Health checks that confirm a node is reachable are not equivalent to health checks that confirm a node is functioning correctly; stalled nodes with degraded replication lag should not pass active health checks.
When a service has many dependents and goes latent rather than failing hard, the cascading impact on shared compute resources can be far worse than a clean hard failure.
A rollback in a distributed system is not a true revert to a prior state; the rolled-back software runs against a production environment that has changed since the previous version was in service, and interactions with recent configuration changes can create entirely new failure modes.
When an incident recurs with the same symptoms, the natural assumption is recurrence of the same problem; the second outage demonstrated that identical symptoms can have a different root cause, and mitigation playbooks should include explicit checks rather than just pattern-matching.

Action items

Add monitoring that alerts when any database node stops emitting replication lag metrics, even if the node continues to respond as healthy to active checks.

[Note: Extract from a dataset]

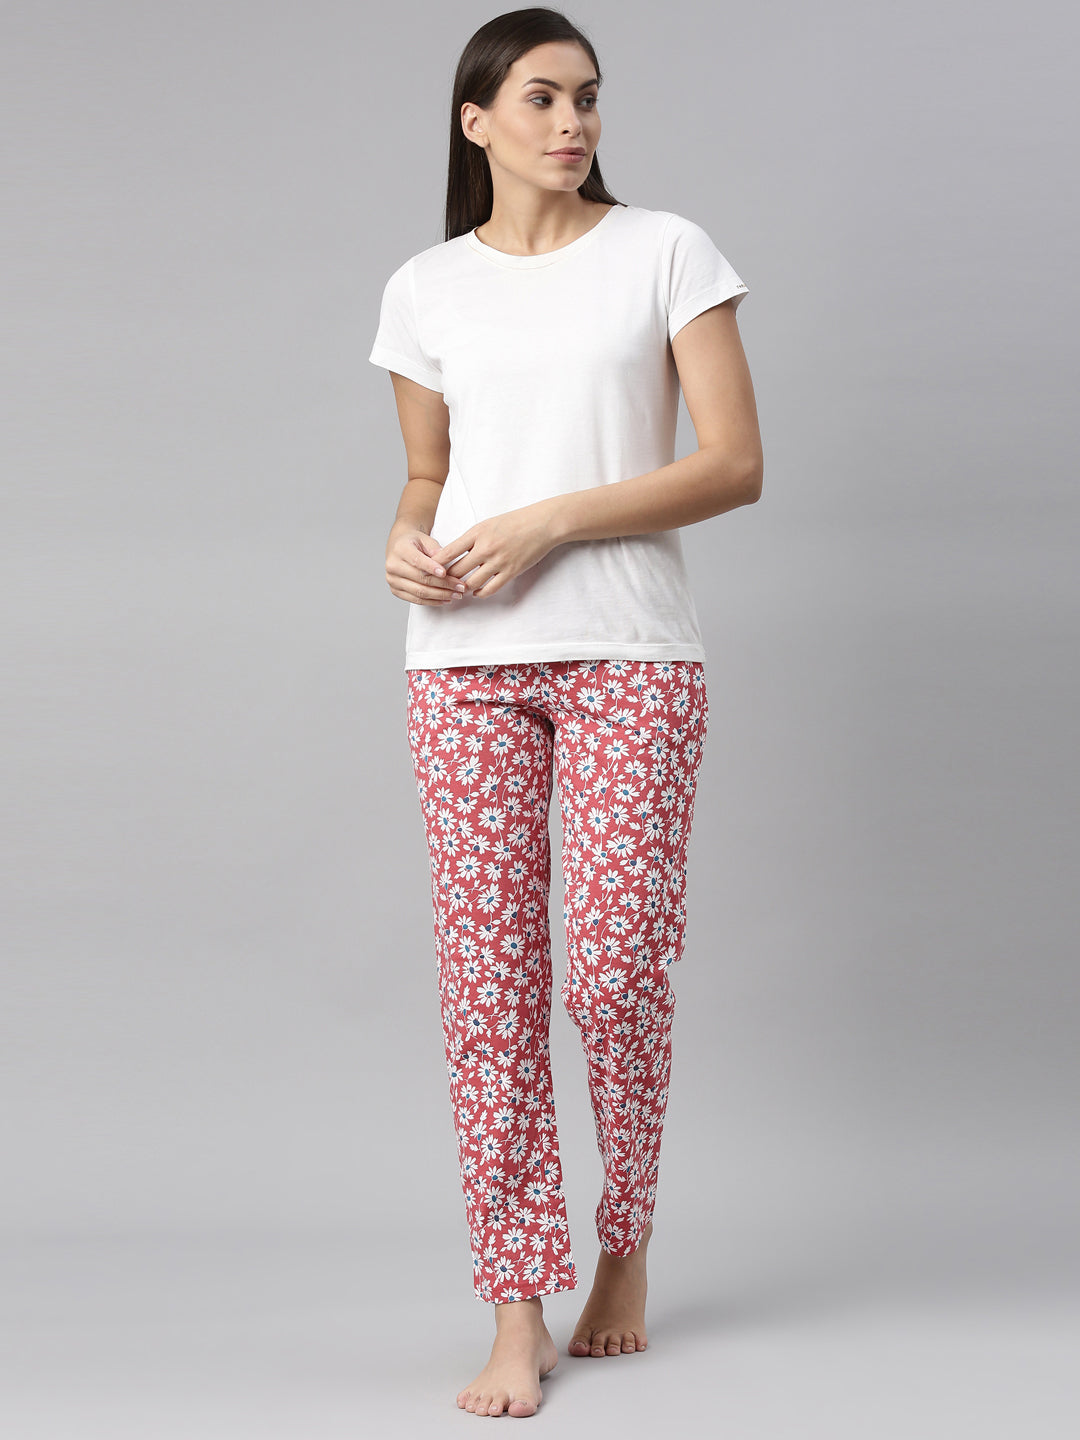 Women Red Pants | Explore our New Arrivals | ZARA United States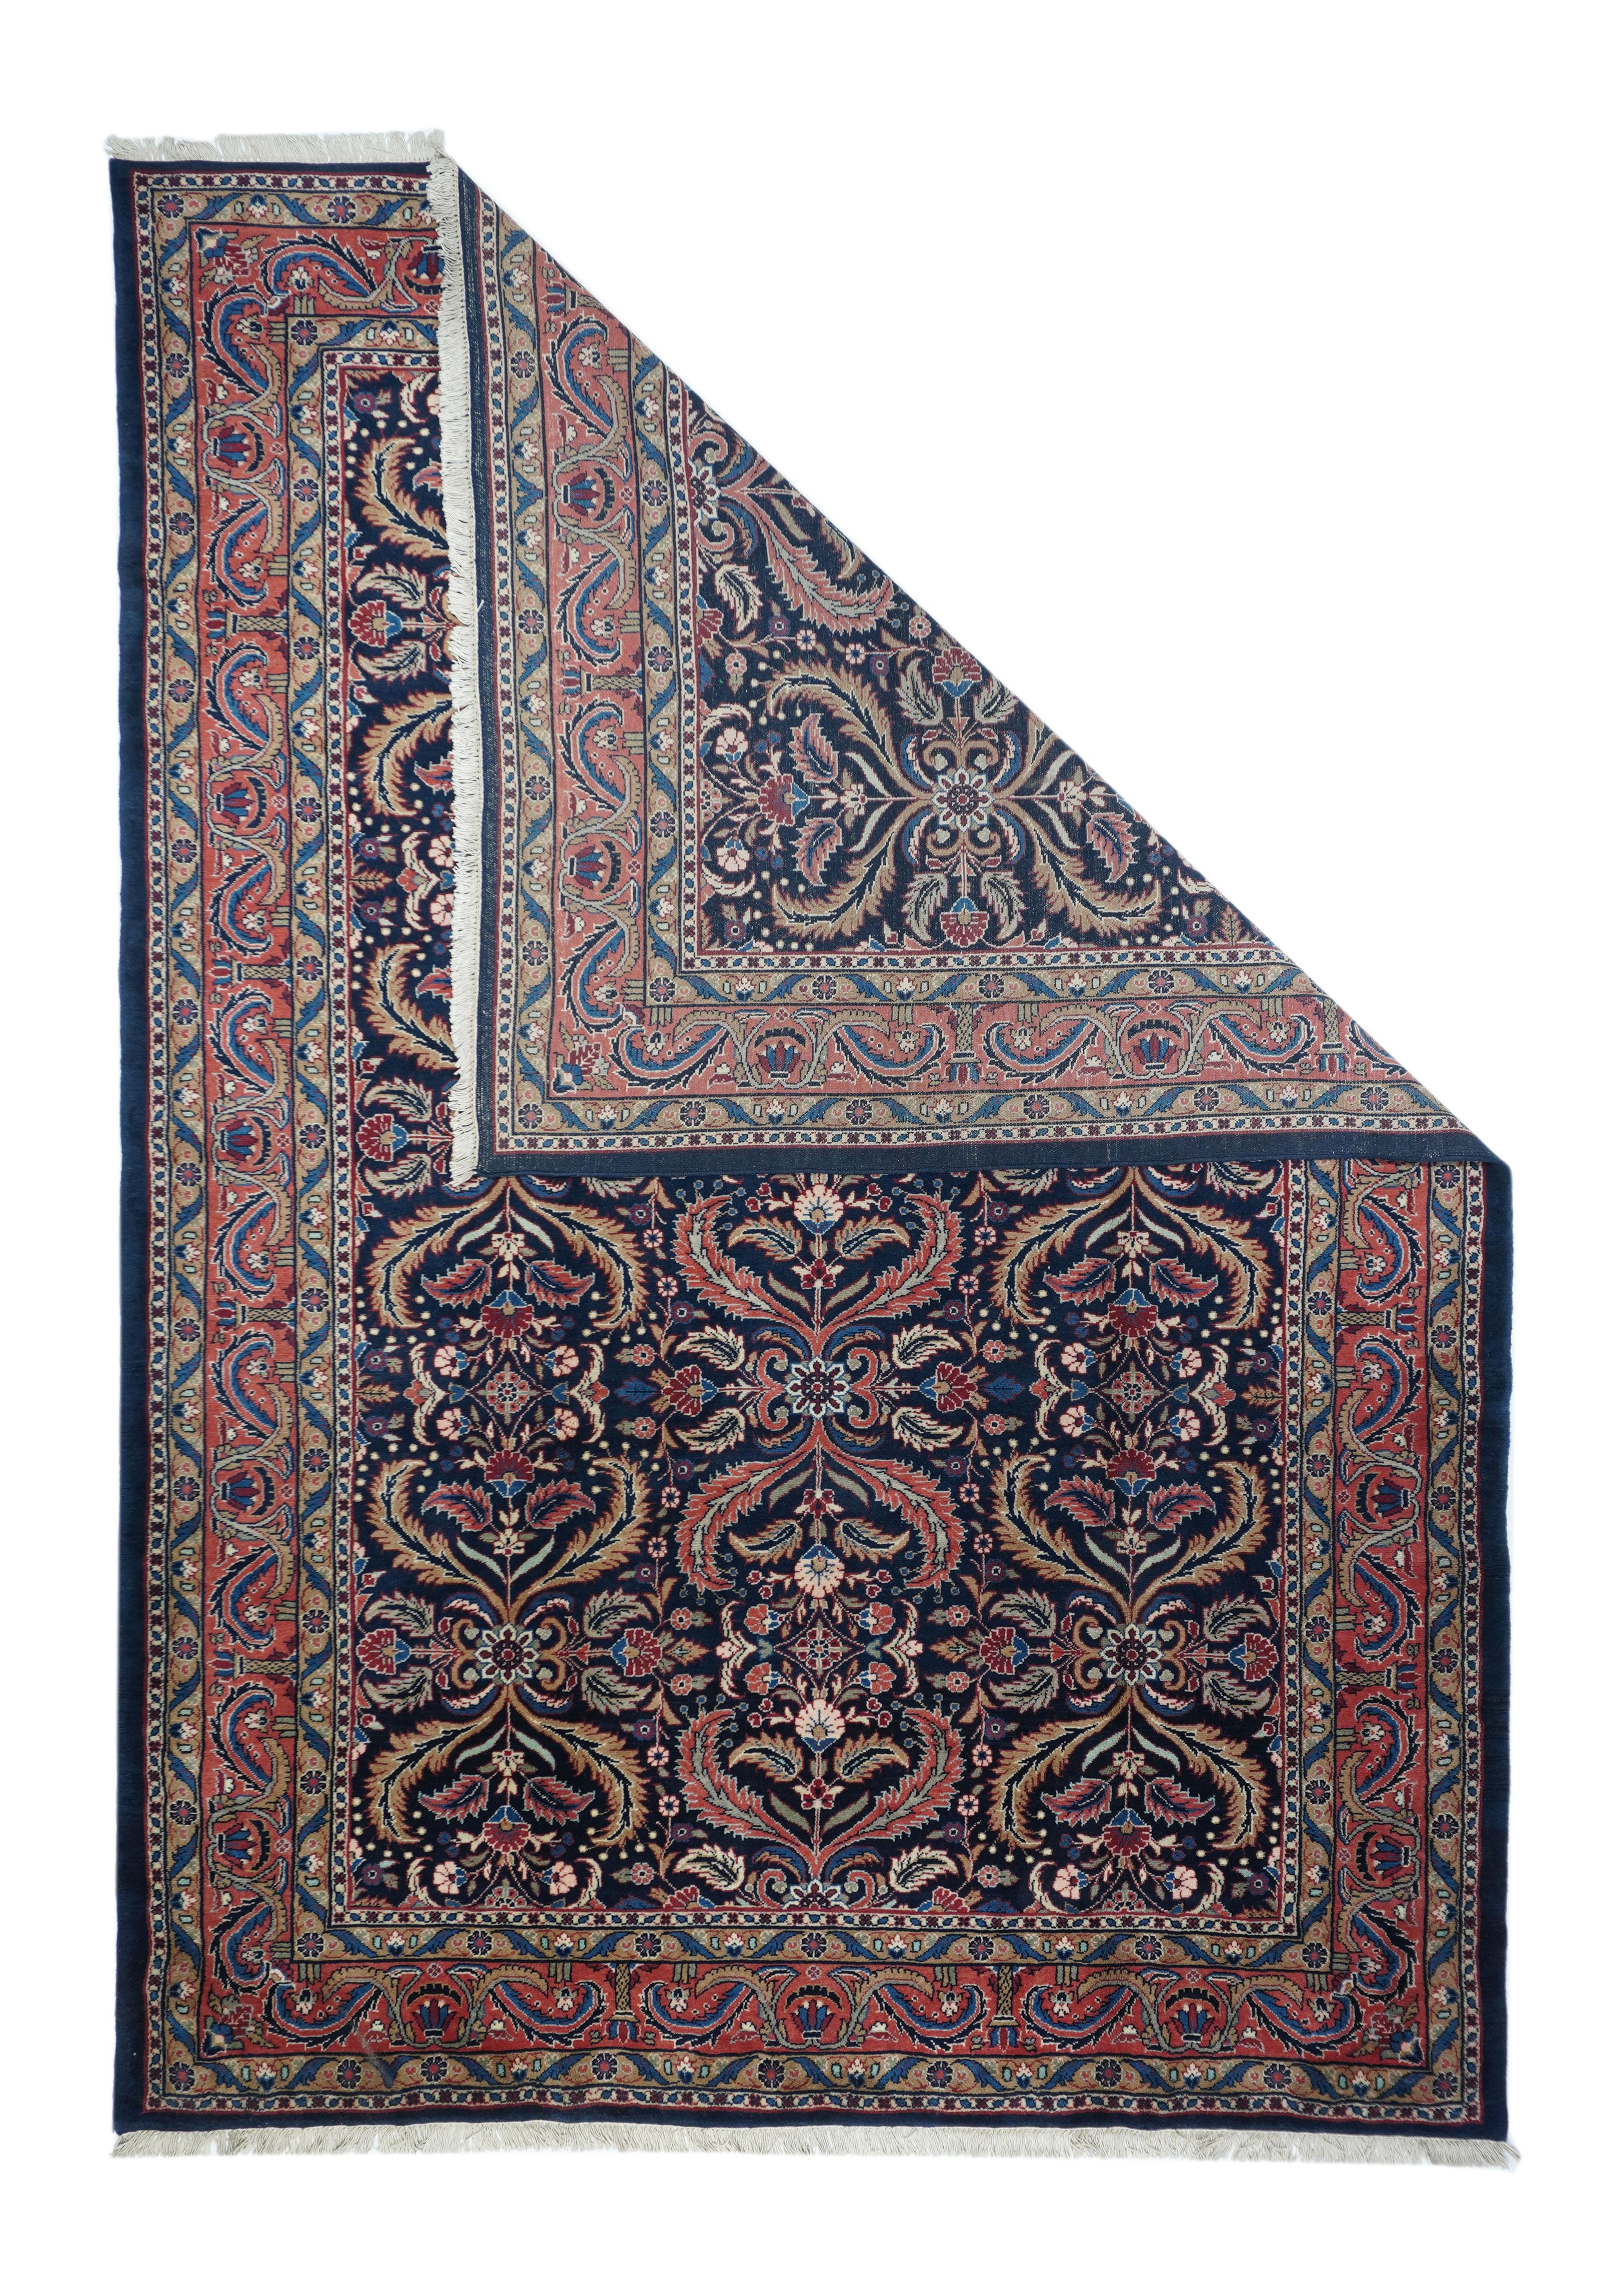 This visually striking, and probably unique designwise, SE Persian city carpet of medium-fine weave, shows a navy indigo field precisely, but not stiffly, covered by a three column allover pattern of pairs of curved, barbed leaves, with lesser

Implement a circuit breaker that fires when a shard enters a state consistent with an election failure before the primary has officially failed.
Introduce additional fault isolation between individual database shards and the API worker pool to prevent a single shard's unavailability from exhausting shared compute resources.
Add circuit-breaking on repeated failed operations targeting specific database clusters, limiting the retry amplification that accelerates resource starvation.
Introduce tooling safeguards and rollback verification procedures that check for known configuration-version interactions before applying a database version rollback under incident conditions.
Work with the database software maintainers to produce a fix for the underlying election protocol bug that manifests when multiple nodes stall simultaneously.